WHAT YOU SHOULD DO
Return each of the entries below word for word.

DATA EXTRACTS
● ● ● ● ●

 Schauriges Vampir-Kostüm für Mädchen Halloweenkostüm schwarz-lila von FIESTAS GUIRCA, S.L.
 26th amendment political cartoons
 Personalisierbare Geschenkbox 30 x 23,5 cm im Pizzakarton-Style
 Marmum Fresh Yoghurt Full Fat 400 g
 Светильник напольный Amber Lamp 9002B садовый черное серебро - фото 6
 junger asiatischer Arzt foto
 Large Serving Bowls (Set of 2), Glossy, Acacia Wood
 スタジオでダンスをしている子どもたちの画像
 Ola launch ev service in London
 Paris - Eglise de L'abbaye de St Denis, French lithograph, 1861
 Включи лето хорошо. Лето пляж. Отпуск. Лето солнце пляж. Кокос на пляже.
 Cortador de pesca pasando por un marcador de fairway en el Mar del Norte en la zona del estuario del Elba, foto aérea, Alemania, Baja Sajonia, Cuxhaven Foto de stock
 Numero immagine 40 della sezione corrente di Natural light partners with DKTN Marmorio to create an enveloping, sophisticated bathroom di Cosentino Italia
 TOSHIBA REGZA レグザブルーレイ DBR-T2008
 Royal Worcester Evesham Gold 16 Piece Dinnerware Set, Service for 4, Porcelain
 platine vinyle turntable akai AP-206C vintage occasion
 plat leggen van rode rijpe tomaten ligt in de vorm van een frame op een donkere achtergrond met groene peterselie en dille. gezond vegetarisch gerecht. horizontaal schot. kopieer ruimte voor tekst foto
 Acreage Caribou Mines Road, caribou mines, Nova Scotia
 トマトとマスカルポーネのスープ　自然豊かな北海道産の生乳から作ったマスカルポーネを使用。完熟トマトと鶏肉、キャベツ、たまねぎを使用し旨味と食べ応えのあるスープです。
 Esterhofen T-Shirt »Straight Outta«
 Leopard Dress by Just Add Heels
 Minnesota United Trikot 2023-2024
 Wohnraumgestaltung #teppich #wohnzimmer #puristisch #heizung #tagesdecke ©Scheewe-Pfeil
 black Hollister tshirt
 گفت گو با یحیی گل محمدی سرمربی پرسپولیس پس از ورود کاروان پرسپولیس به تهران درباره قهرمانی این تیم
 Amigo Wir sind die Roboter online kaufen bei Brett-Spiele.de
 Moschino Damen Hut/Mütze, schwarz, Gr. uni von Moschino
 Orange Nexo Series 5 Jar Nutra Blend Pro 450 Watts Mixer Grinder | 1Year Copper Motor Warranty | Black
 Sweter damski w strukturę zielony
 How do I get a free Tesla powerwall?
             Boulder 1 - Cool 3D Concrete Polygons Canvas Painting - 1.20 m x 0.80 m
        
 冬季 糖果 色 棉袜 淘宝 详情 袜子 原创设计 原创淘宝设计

● ● ● ● ●

ANSWER SECTION
 Schauriges Vampir-Kostüm für Mädchen Halloweenkostüm schwarz-lila von FIESTAS GUIRCA, S.L.
 26th amendment political cartoons
 Personalisierbare Geschenkbox 30 x 23,5 cm im Pizzakarton-Style
 Marmum Fresh Yoghurt Full Fat 400 g
 Светильник напольный Amber Lamp 9002B садовый черное серебро - фото 6
 junger asiatischer Arzt foto
 Large Serving Bowls (Set of 2), Glossy, Acacia Wood
 スタジオでダンスをしている子どもたちの画像
 Ola launch ev service in London
 Paris - Eglise de L'abbaye de St Denis, French lithograph, 1861
 Включи лето хорошо. Лето пляж. Отпуск. Лето солнце пляж. Кокос на пляже.
 Cortador de pesca pasando por un marcador de fairway en el Mar del Norte en la zona del estuario del Elba, foto aérea, Alemania, Baja Sajonia, Cuxhaven Foto de stock
 Numero immagine 40 della sezione corrente di Natural light partners with DKTN Marmorio to create an enveloping, sophisticated bathroom di Cosentino Italia
 TOSHIBA REGZA レグザブルーレイ DBR-T2008
 Royal Worcester Evesham Gold 16 Piece Dinnerware Set, Service for 4, Porcelain
 platine vinyle turntable akai AP-206C vintage occasion
 plat leggen van rode rijpe tomaten ligt in de vorm van een frame op een donkere achtergrond met groene peterselie en dille. gezond vegetarisch gerecht. horizontaal schot. kopieer ruimte voor tekst foto
 Acreage Caribou Mines Road, caribou mines, Nova Scotia
 トマトとマスカルポーネのスープ　自然豊かな北海道産の生乳から作ったマスカルポーネを使用。完熟トマトと鶏肉、キャベツ、たまねぎを使用し旨味と食べ応えのあるスープです。
 Esterhofen T-Shirt »Straight Outta«
 Leopard Dress by Just Add Heels
 Minnesota United Trikot 2023-2024
 Wohnraumgestaltung #teppich #wohnzimmer #puristisch #heizung #tagesdecke ©Scheewe-Pfeil
 black Hollister tshirt
 گفت گو با یحیی گل محمدی سرمربی پرسپولیس پس از ورود کاروان پرسپولیس به تهران درباره قهرمانی این تیم
 Amigo Wir sind die Roboter online kaufen bei Brett-Spiele.de
 Moschino Damen Hut/Mütze, schwarz, Gr. uni von Moschino
 Orange Nexo Series 5 Jar Nutra Blend Pro 450 Watts Mixer Grinder | 1Year Copper Motor Warranty | Black
 Sweter damski w strukturę zielony
 How do I get a free Tesla powerwall?
             Boulder 1 - Cool 3D Concrete Polygons Canvas Painting - 1.20 m x 0.80 m
        
 冬季 糖果 色 棉袜 淘宝 详情 袜子 原创设计 原创淘宝设计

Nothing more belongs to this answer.